# Noodle Scratcher



## Inner10 (Mar 12, 2009)

It's been a while since I had something so simple fool me and I've been trying to figure out the logic.

Got a call on Friday about an apartment door strike that was randomly releasing itself and re-locking. 

24VAC output from the intercom, 60 foot wire run, connects to a 24V relay, which connects to the dry contact on a door controller with short leads.

I check the relay and it's energized with 24VAC. Ok I figure the output of the intercom has a stuck relay. I disconnect the wires, check the terminals, no power, trip the intercom 24VAC...works perfect.

I reconnect the leads, 24VAC...Ok its a switched ground and it's got a path to ground at the relay board. Disconnect the leads, check the ends and I have 24VAC. WTF, wires connected 24V, disconnected nothing. Must be a short in the wire. Check it with my TS100 and it seems fine, I connect another spare wire...same thing 24V.

I figured it could be the capacitor causing it to hold a charge so I opened the intercom and snapped it off...Didn't help.

Took the relay board and put it on 3" leads from the intercom then used the same two wires that use to power the relay directly into the door controller. Works perfect.
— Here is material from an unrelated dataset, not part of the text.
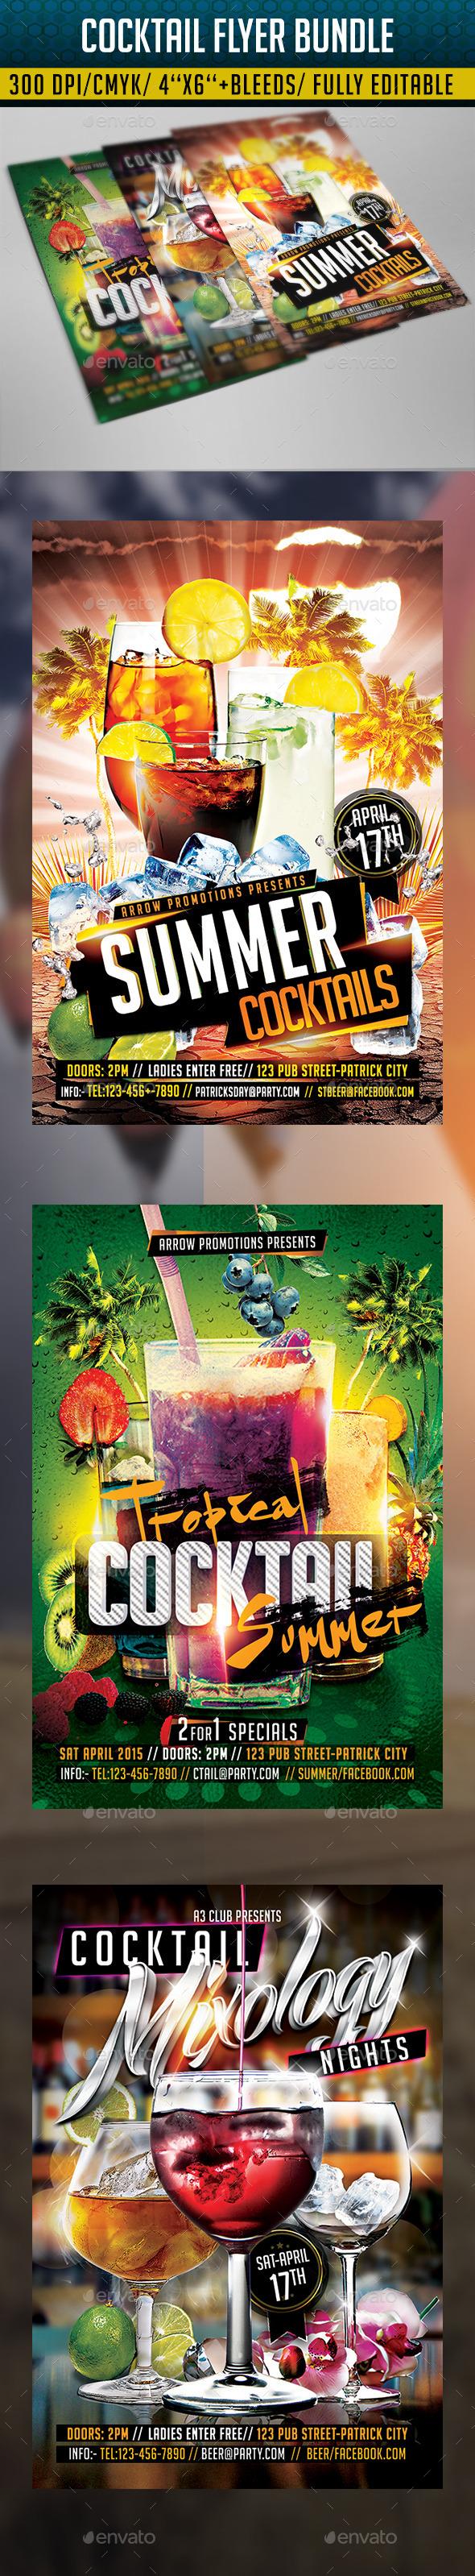 GraphicRiver Cocktail Flyer Bundle 2 11332707

How could long wires cause the intercom unit to output power to my relay but short wires don't?


----------



## rrk (Apr 22, 2012)

Did you check short to ground?
separate relay from mount see if it de-energizes
Do you have 2 spares?
If its only 60' visually check wire if possible


----------



## tjbnwi (Feb 24, 2009)

Moisture? 

Tom


----------



## Inner10 (Mar 12, 2009)

rrk said:


> Did you check short to ground?
> separate relay from mount see if it de-energizes
> Do you have 2 spares?
> If its only 60' visually check wire if possible


Yup.

Nope.

I did, wire is good.


----------



## Inner10 (Mar 12, 2009)

tjbnwi said:


> Moisture?
> 
> Tom


Bone dry.


----------



## Tom Struble (Mar 2, 2007)

sounds like something's broke to me..:thumbsup:


----------



## rrk (Apr 22, 2012)

Inner10 said:


> Yup.
> 
> Nope.
> 
> I did, wire is good.


Nope to which?

In case you were wondering back in the stone age I installed and repaired apt house intercom systems for several years.

If wire is good
My guess is relay coil or board its on is grounded


----------



## griz (Nov 26, 2009)

Call 480 & move on...:thumbup::whistling


----------



## Inner10 (Mar 12, 2009)

rrk said:


> Nope to which?
> 
> In case you were wondering back in the stone age I installed and repaired apt house intercom systems for several years.
> 
> ...


I disconnected the relay completely, I connect the wires BAM voltage, remove the wires, nothing. I connected a different wire...voltage...removed it...nothing. All I did was move the relay to the intercom unit and the problem was solved. The weird thing is I've hooked up the exact model multiple times and never had such a thing happen.


----------



## CarpenterSFO (Dec 12, 2012)

The intercom board is busted; increased capacitance or other condition of the long leads is triggering the error.


----------



## rrk (Apr 22, 2012)

CarpenterSFO said:


> The intercom board is busted; increased capacitance or other condition of the long leads is triggering the error.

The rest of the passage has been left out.